== DATA EXCERPT ==
>>>

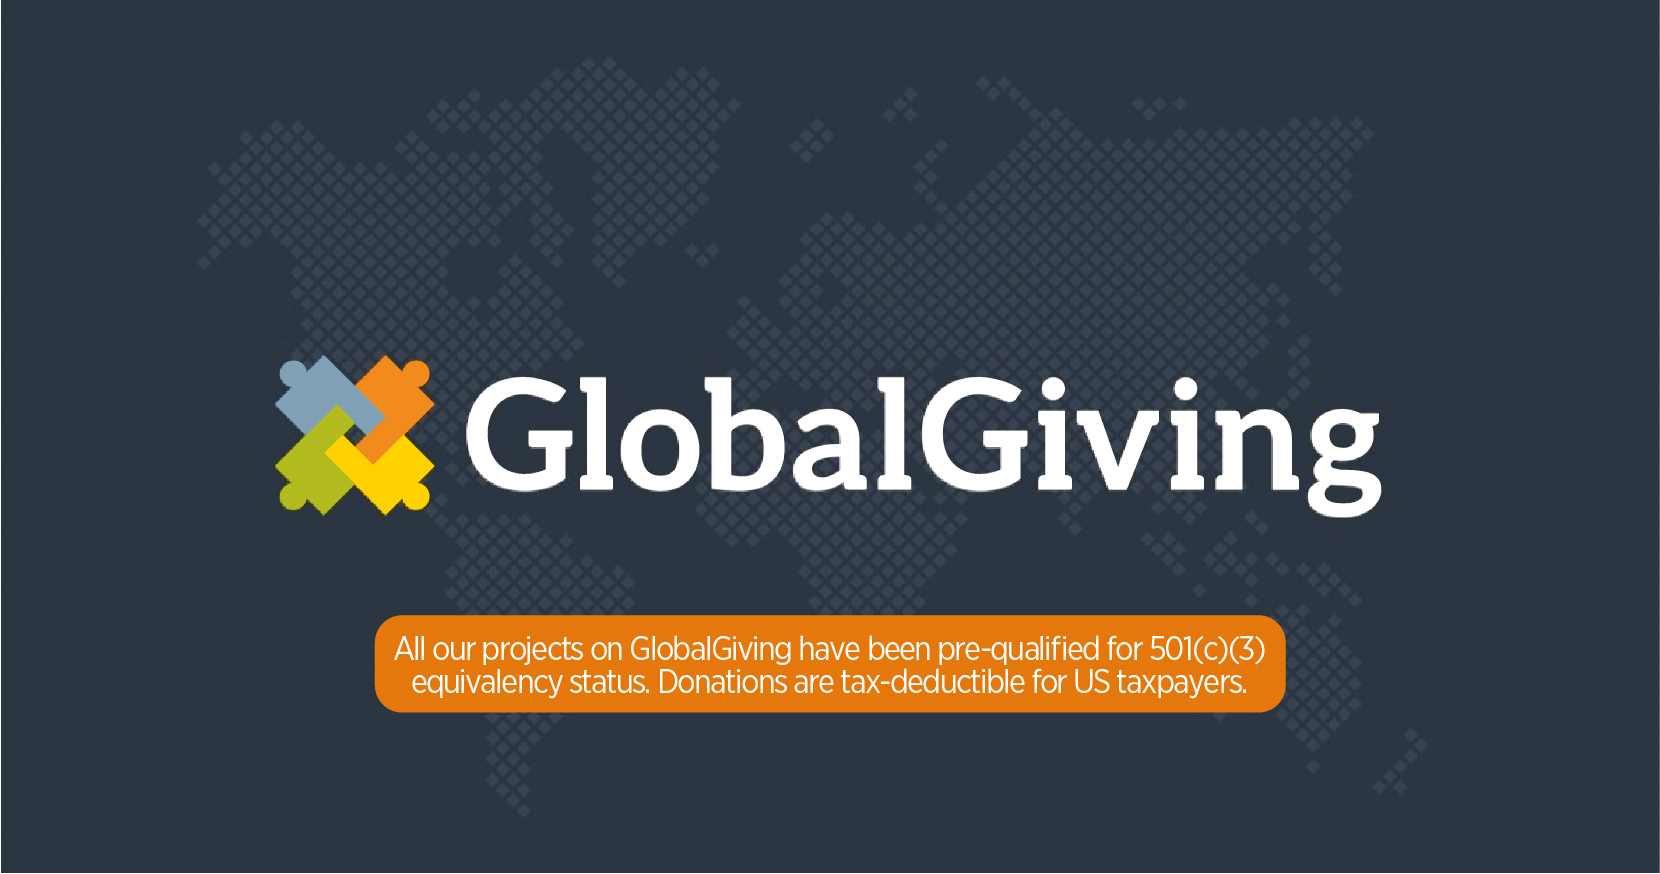 GlobalGiving
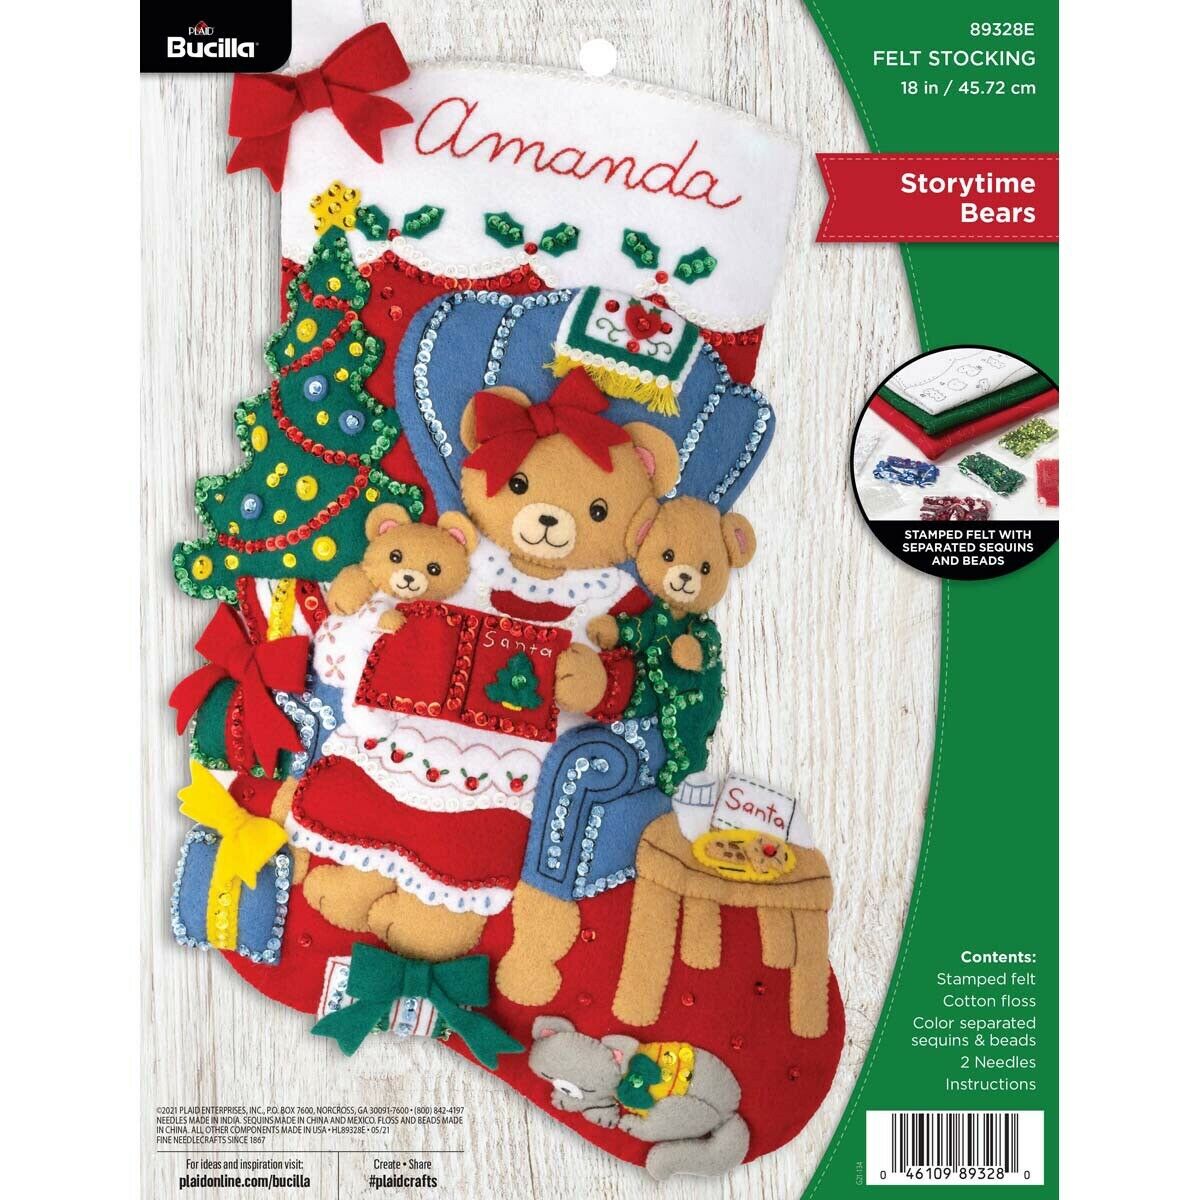 ᗷᑌᑕiᒪᒪᗩ 18" Felt Applique Christmas Stocking Kit 🎄"storytime Bears” New!
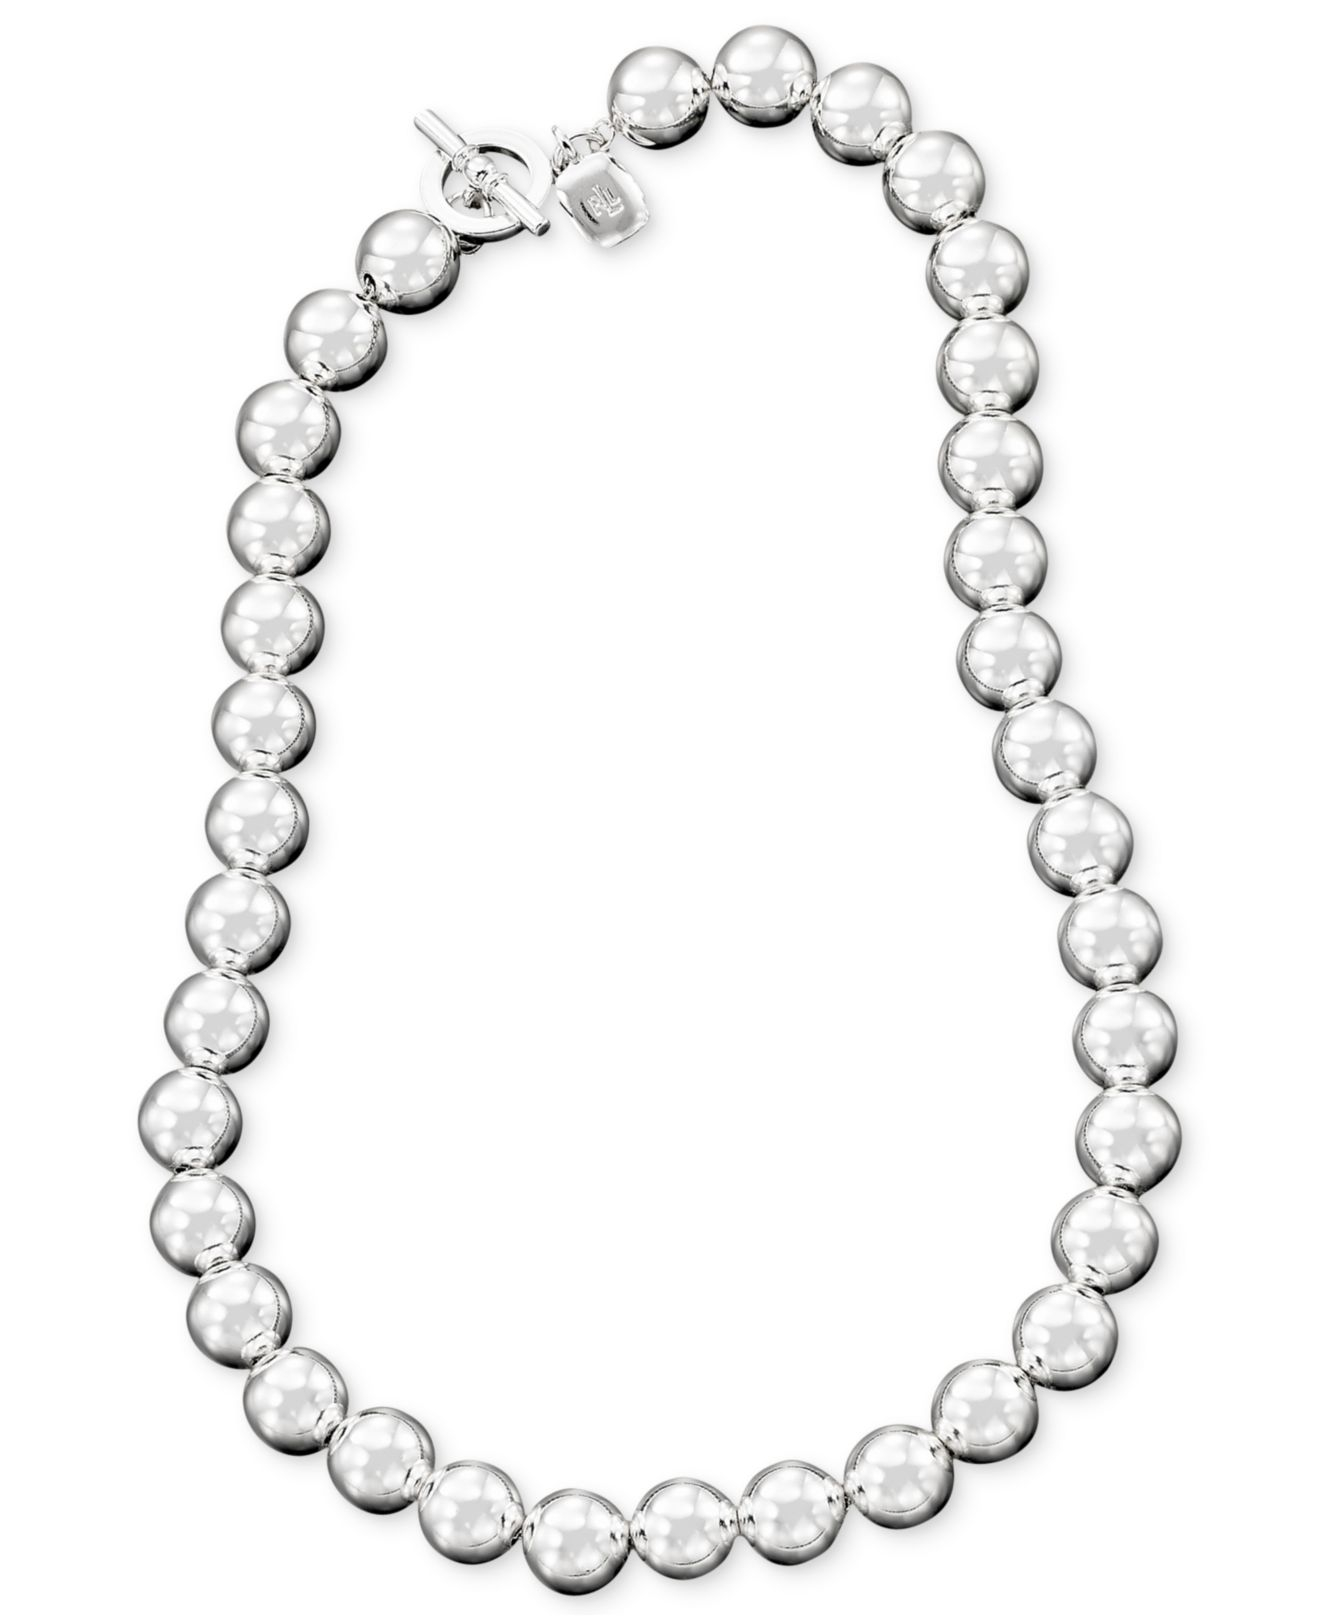 Silver-Tone Metal Bead Necklace

<<<

== REQUIRED WORK ==
The response must match the listing exactly, except that pictures are removed.

== SOLUTION FOR THIS TASK ==
 GlobalGiving
 ᗷᑌᑕiᒪᒪᗩ 18" Felt Applique Christmas Stocking Kit 🎄"storytime Bears” New!
 Silver-Tone Metal Bead Necklace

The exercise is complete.